It was then that ruffian Bart McArthur’s wounds and exhaustion caught up with him. He decided not to continue the hunt for Two Crows, and go get a room at the Grand Hotel up the road instead. Now it was just Bulwork and Jack who made their lantern-lit way cautiously around the Assayer’s Office, following the wolf tracks of what Bulwork suspected was Two Crows in animal form. Around the corner, they were confronted with a large, hulking shadow, lumbering towards them from the direction of the street. The lantern light glinted off a star-shaped badge on the shadow’s chest, and they knew they’d be meeting the local law.
Bulwork held the lantern up to his face and introduced himself, noticing that the Sheriff carried the discomforting combination of a shotgun in one hand and a mostly empty bottle of whiskey in the other. The man was obviously staggering drunk. He demanded they explain what they were doing, but barely listened to their answers. “I have to pee,” he declared loudly, placing both his gun and bottle on the ground to go against the wall. Bulwork and Jack eyed the shotgun, Jack obviously wanting to grab it, and Bulwork gesturing that they didn’t need to invite trouble with the Law. The sheriff was too drunk to be a threat anyway.

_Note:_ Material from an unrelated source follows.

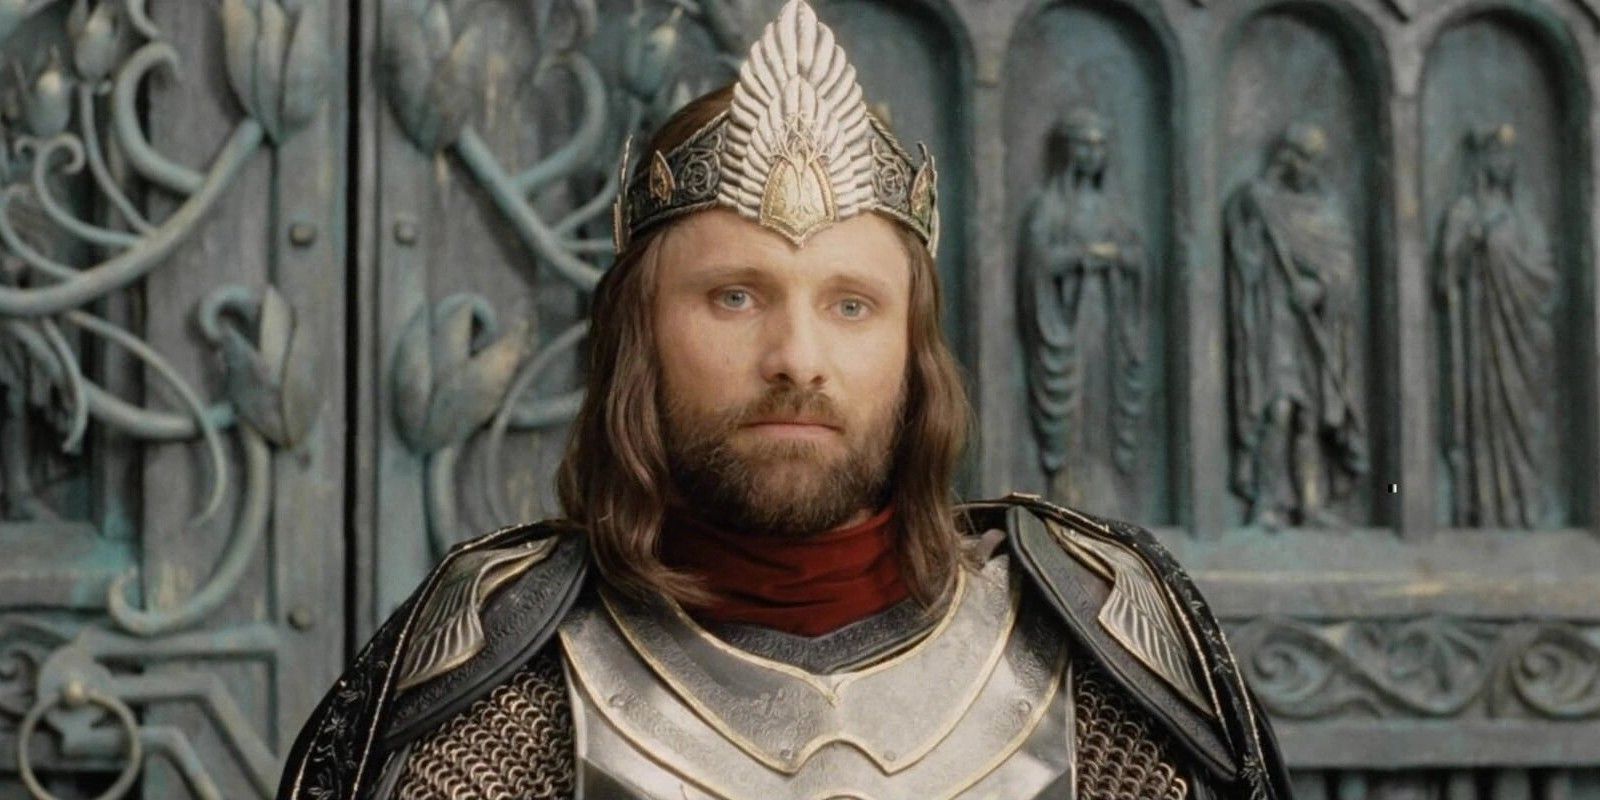 Aragorn crowned as king of Gondor in The Lord of the Rings
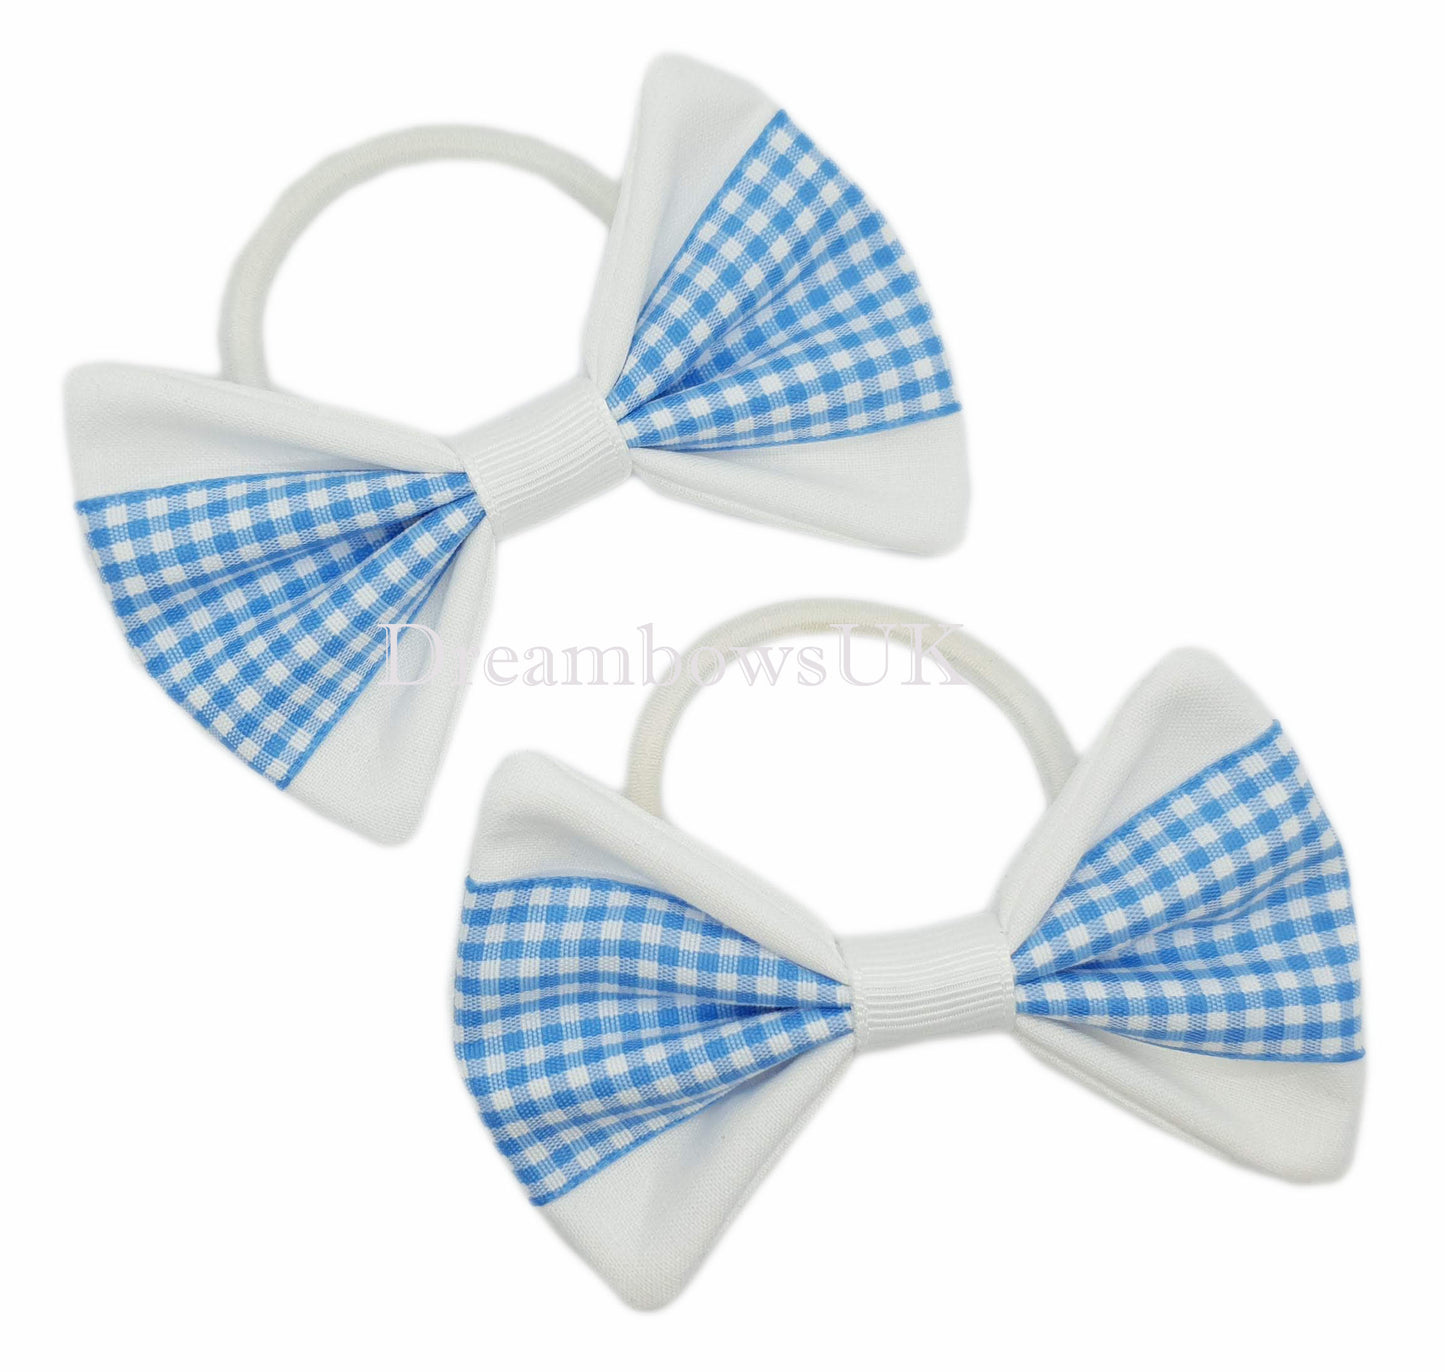 baby blue and white gingham fabric hair bows on thick elastics

The man talked over his shoulder in his gravelly low slur while he peed. “I haven’t always been a drunk, you know.” The guys sighed and rolled their eyes. “Uh-huh.” “Really!” he said. “I got cursed. By a witch!” “A witch?” “Yup. Out in the desert. She put… bugs in my brain.” “And that’s why you drink?” “Right. It’s the only thing that quiets them.” The sheriff finished up and picked back up his bottle and shotgun. “You need some help gettin’ somewhere?” Bulwork asked. “Naw, naw, I’m just going back to my place over here…” The sheriff stumbled away towards the Sheriff’s Office across the street.
Watching all this from the near darkness was a wolf the others knew as Two Crows Redfang. He’d been quietly pacing in the scrubby dirt, crossing his tracks all over the place so they wouldn’t be able to follow him. Now he watched, uncertain what to do. He did not trust humans and feared their weapons, but he had a mission to fulfill in their world, and he would need assistance. He had trouble believing the stumbling fat man they’d met could be the Alpha of Perdition, but human behavior was often contradictory and strange to him. The short, bearded one had shown him some kindness, feeding him when he was in human form. He may be worthy to pack with. The wolf would stay hidden and see what they did next.
At the same time, a thin man with slicked back black hair and a thin moustache starts up a “conversation” with Po-Po in the One-Eyed Saloon. When the man realizes Po-Po doesn’t speak English, he speaks louder and with large hand gestures.
“Poker?!? Cards?!? Do you like to gamble?!?” Po-Po gets the gist, having played cards for money countless times. He joins the gambler and another small, quiet man at the table and plays some poker. He quickly loses 15 dollars, and decides not to risk any more. The mustachioed man tells him, without him understanding much, that if he’d like a higher-stakes game, he should head on up to Trixie’s Dance Hall. “And,” he added confidentially, “I hear the Devil’s back in town this week. You don’t know who the Devil is? Oh, you’ll find out! You’ll find out!” He laughed riotously.